Problem details.
Give back exactly the lines of the material below that start at the line containing "Samsung LS24C45KMS/EN, LS22C45KMSV/EN, LS22C45KMS/EN" and end at the line containing "Armée Suisse, Payerne", and no others.
── Data excerpts
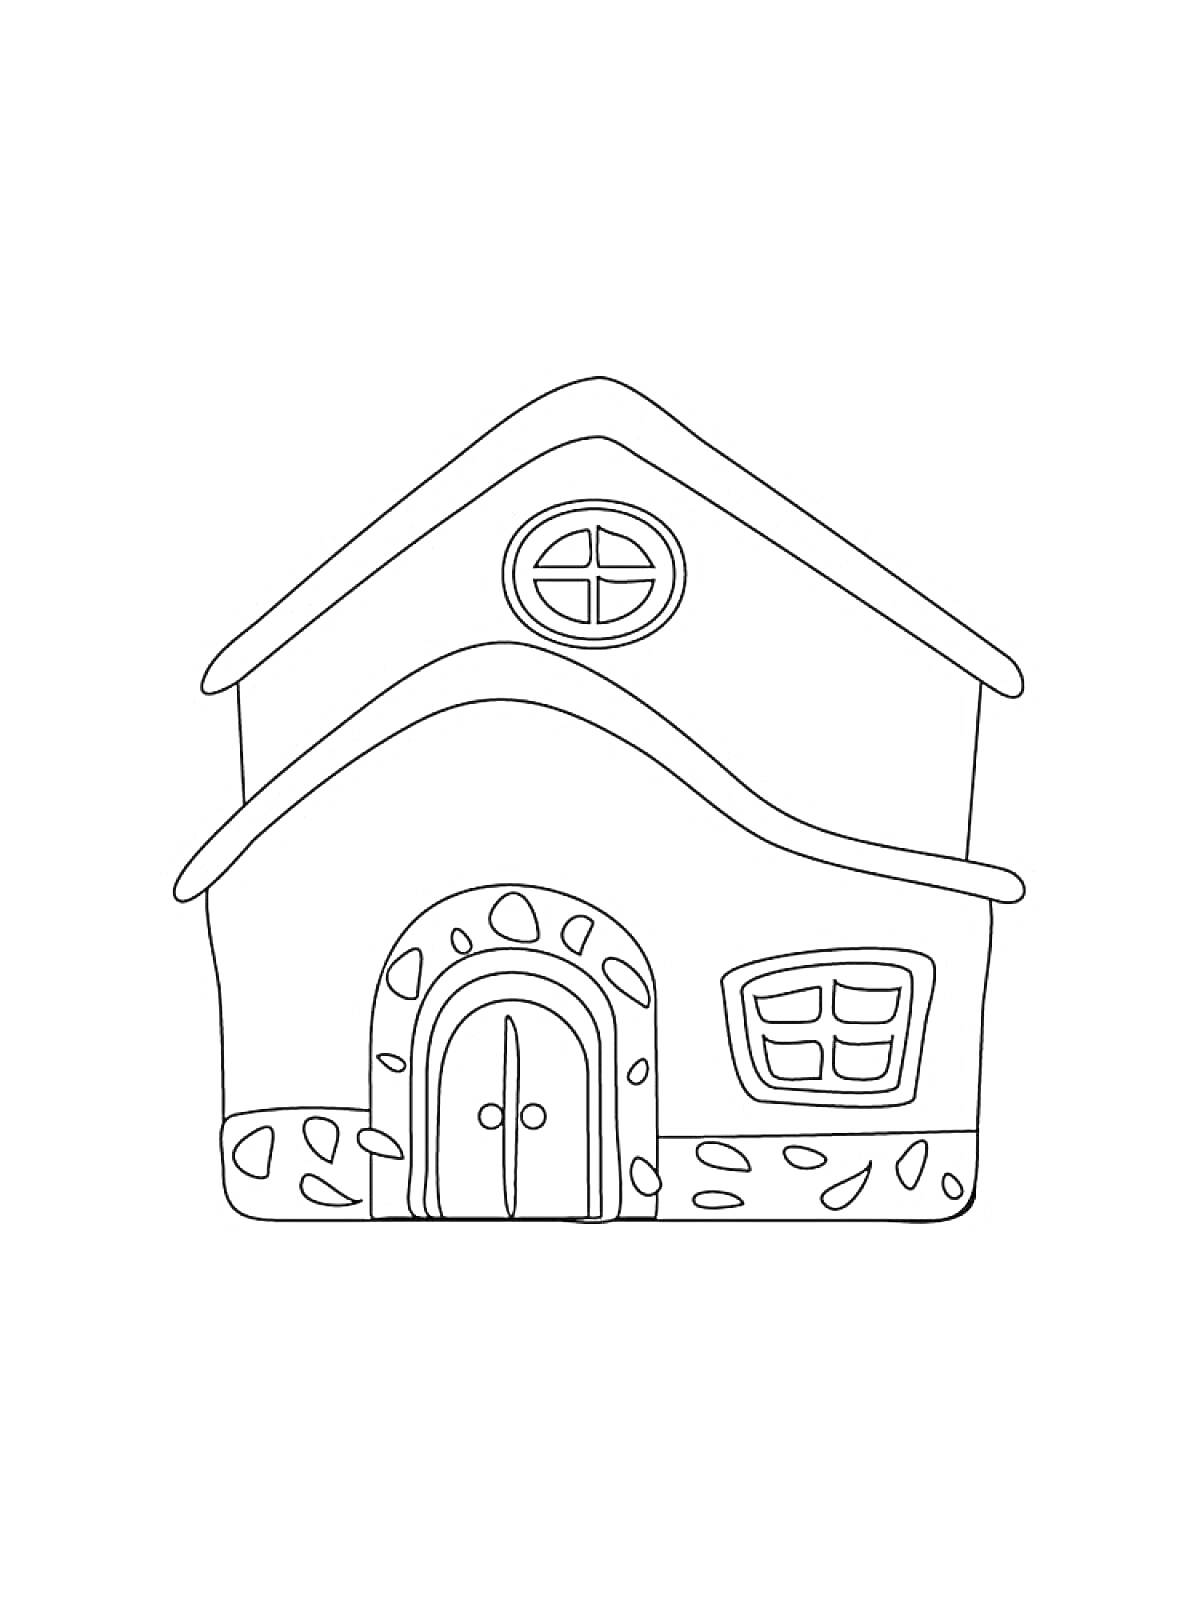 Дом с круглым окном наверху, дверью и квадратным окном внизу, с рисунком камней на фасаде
────
── Data excerpts
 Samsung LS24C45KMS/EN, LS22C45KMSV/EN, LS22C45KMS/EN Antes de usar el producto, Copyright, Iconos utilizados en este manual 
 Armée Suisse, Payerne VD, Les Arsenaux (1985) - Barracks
────
Response.
 Samsung LS24C45KMS/EN, LS22C45KMSV/EN, LS22C45KMS/EN Antes de usar el producto, Copyright, Iconos utilizados en este manual 
 Armée Suisse, Payerne VD, Les Arsenaux (1985) - Barracks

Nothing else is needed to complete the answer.